In unsupervised learning, the machine is simply given a bunch of data \(\textbf x_1,…,\textbf x_N\) and asked to find patterns/structure within the data. Thus, supervision and training are synonymous.
Problem: What are the \(2\) most common types of supervised learning?
Solution: If the range of \(\hat y\) is at most countable (e.g \(\{0,1\},\textbf N\), etc.) then this type of supervised learning is called classification. If instead the range of \(\hat y\) is uncountable (e.g. \(\textbf R\)) then this type of supervised learning is called regression (cf. the distinction between discrete and continuous random variables).
Problem: What are some kinds of unsupervised learning?
Solution: Clustering, etc.
Problem: (clarifying the theory of multivariate linear regression)
Problem: On using Python to do univariate linear regression, suggesting multiple ways/libraries to do it.
Problem: Write down using mathematical notation the iterative formula for gradient descent minimization of an arbitrary function \(C(\textbf x)\), then write down the same formula using programming notation.
Solution: Mathematical version:
\[\textbf x_n=\textbf x_{n-1}-\alpha\frac{\partial C}{\partial\textbf x}(\textbf x_{n-1})\]
where \(\alpha>0\) is called the learning rate (here assumed to be fixed though in principle could also have \(\alpha=\alpha_n\)).
Programming version:
\[\textbf x=\textbf x-\alpha\frac{\partial C}{\partial\textbf x}(\textbf x)\]

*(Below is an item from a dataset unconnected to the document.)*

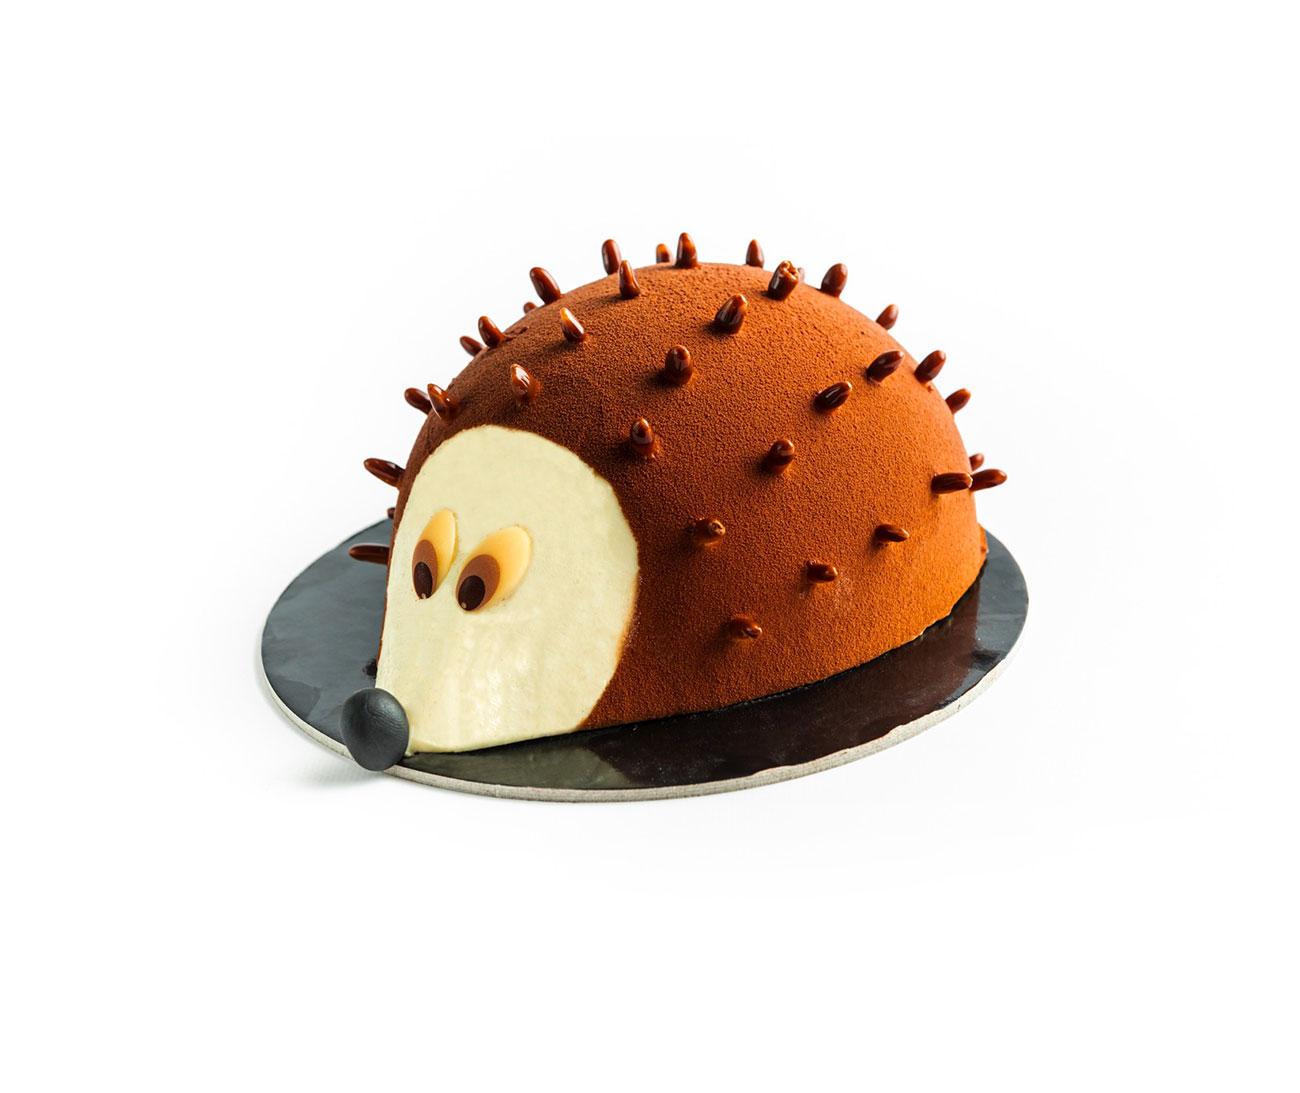 salvatore-petriella-creazioni-torte-riccio-img-03

Problem: How to choose \(\alpha\)?
Problem: For the typical case in machine learning where:
\[C(\textbf w,b):=\frac{1}{2N}\sum_{i=1}^N(\hat{y}(\textbf x_i|\textbf w,b)-y_i)^2\]
is a mean-square cost function for a linear regression model \(\hat y(\textbf x|\textbf w,b)=\textbf w\cdot\textbf x+b\) attempting to predict a training set \(\{(\textbf x_1,y_1),…,(\textbf x_N,y_N)\}\) (here \(\textbf w\) is a weight vector and \(b\) is called a bias), what do the update rules for gradient descent look like in mathematical notation (explicitly)?

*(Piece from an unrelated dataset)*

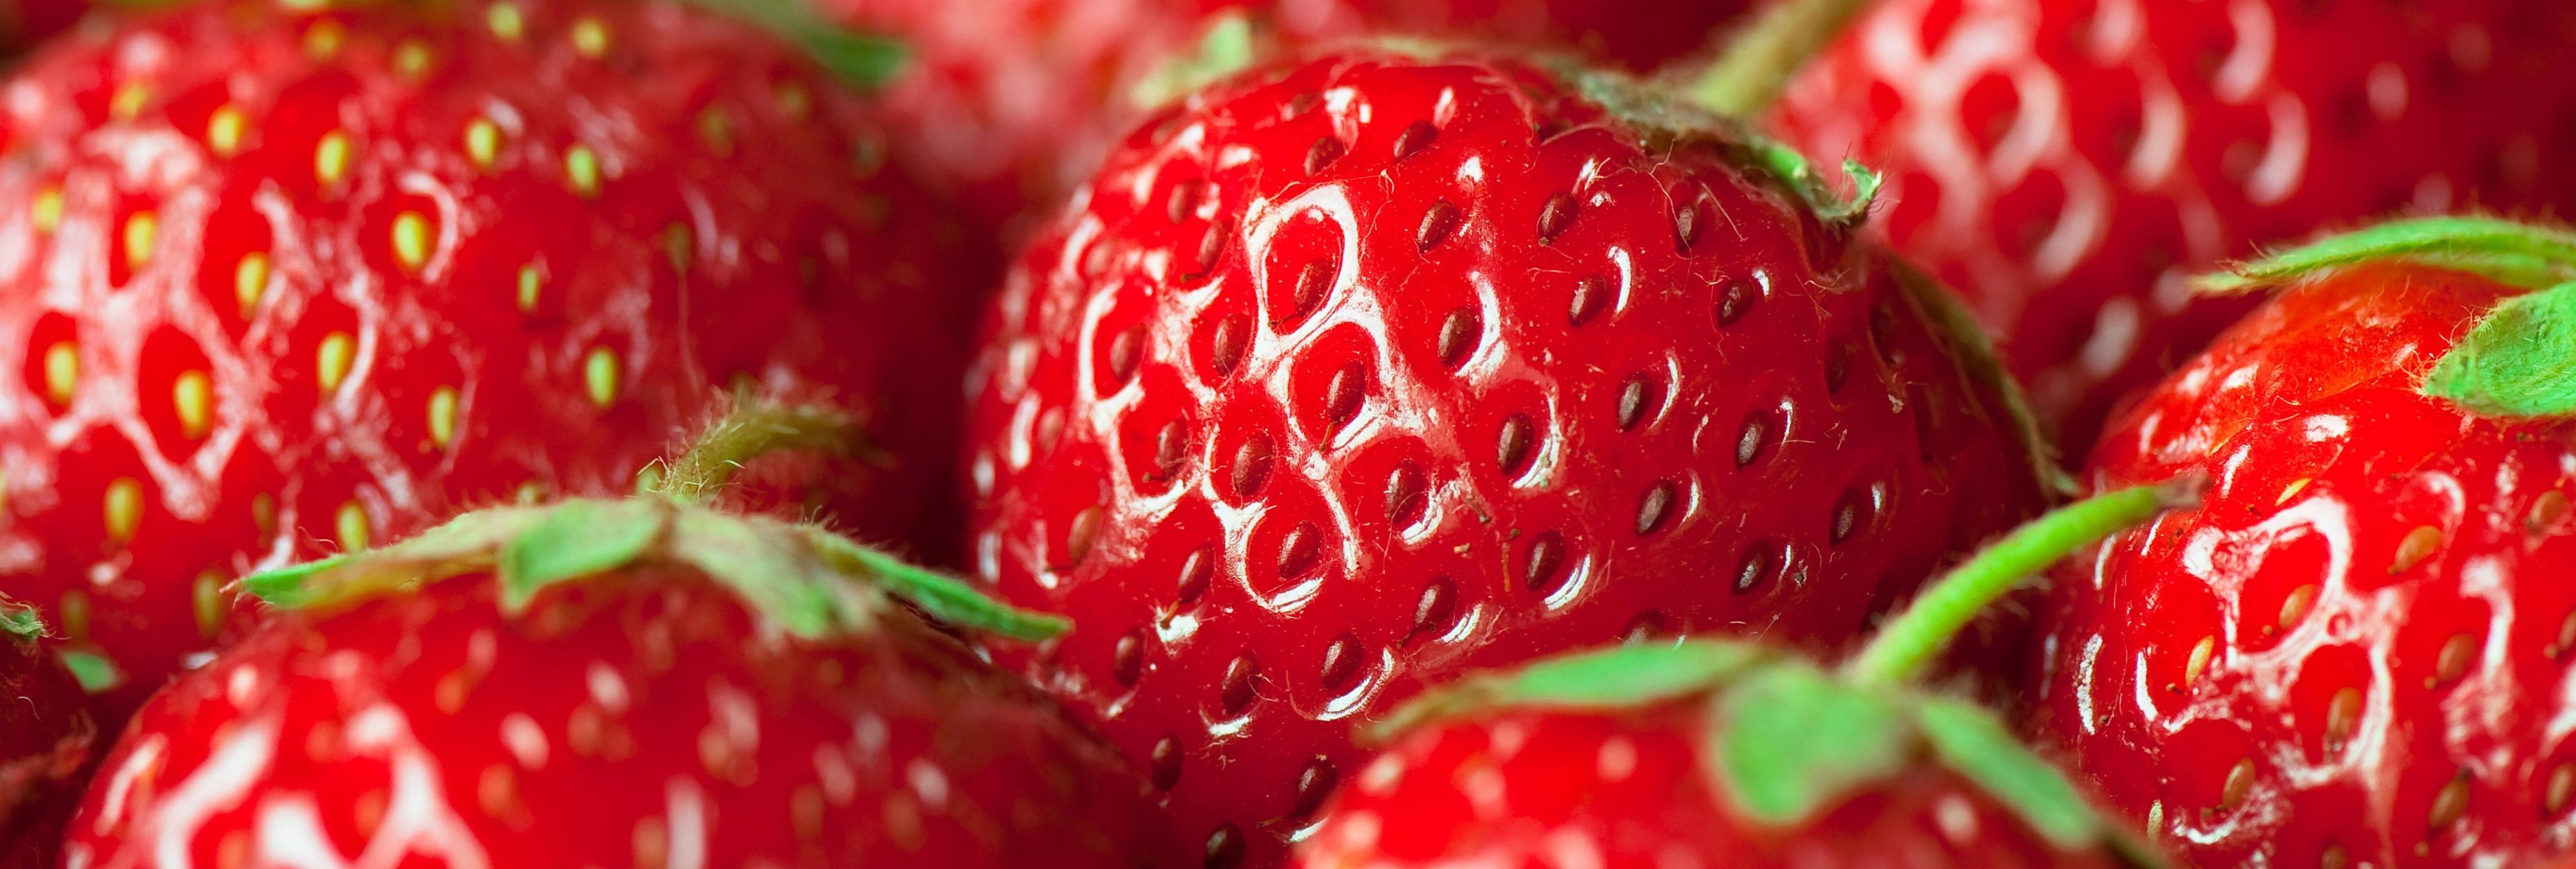 Te has estado comiendo fresones cuando creías que eran fresas: te explicamos la diferencia

Solution: Note that \(\textbf w_n\) and \(b_n\) should be updated simultaneously:
\[\textbf w_n=\textbf w_{n-1}-\frac{\alpha}{N}\sum_{i=1}^N(\textbf w_{n-1}\cdot\textbf x_i+b_{n-1}-y_i)\textbf x_i\]
\[b_n=b_{n-1}-\frac{\alpha}{N}\sum_{i=1}^N(\textbf w_{n-1}\cdot\textbf x_i+b_{n-1}-y_i)\]
Problem: What are the \(2\) key advantages of using NumPy?
Solution: Vectorization and broadcasting.
Vectorization is what it sounds like: do all your computations with NumPy arrays (i.e. ndarray).
Broadcasting allows for standard operations such as scalar multiplication \(\textbf x\mapsto c\textbf x\) to occur.
Universal functions (ufuncs) in NumPy (precompiled \(C\)-loop).
(crudely speaking, these are Cartesian tensors in math/physics). Typically never have to bother with Python loops.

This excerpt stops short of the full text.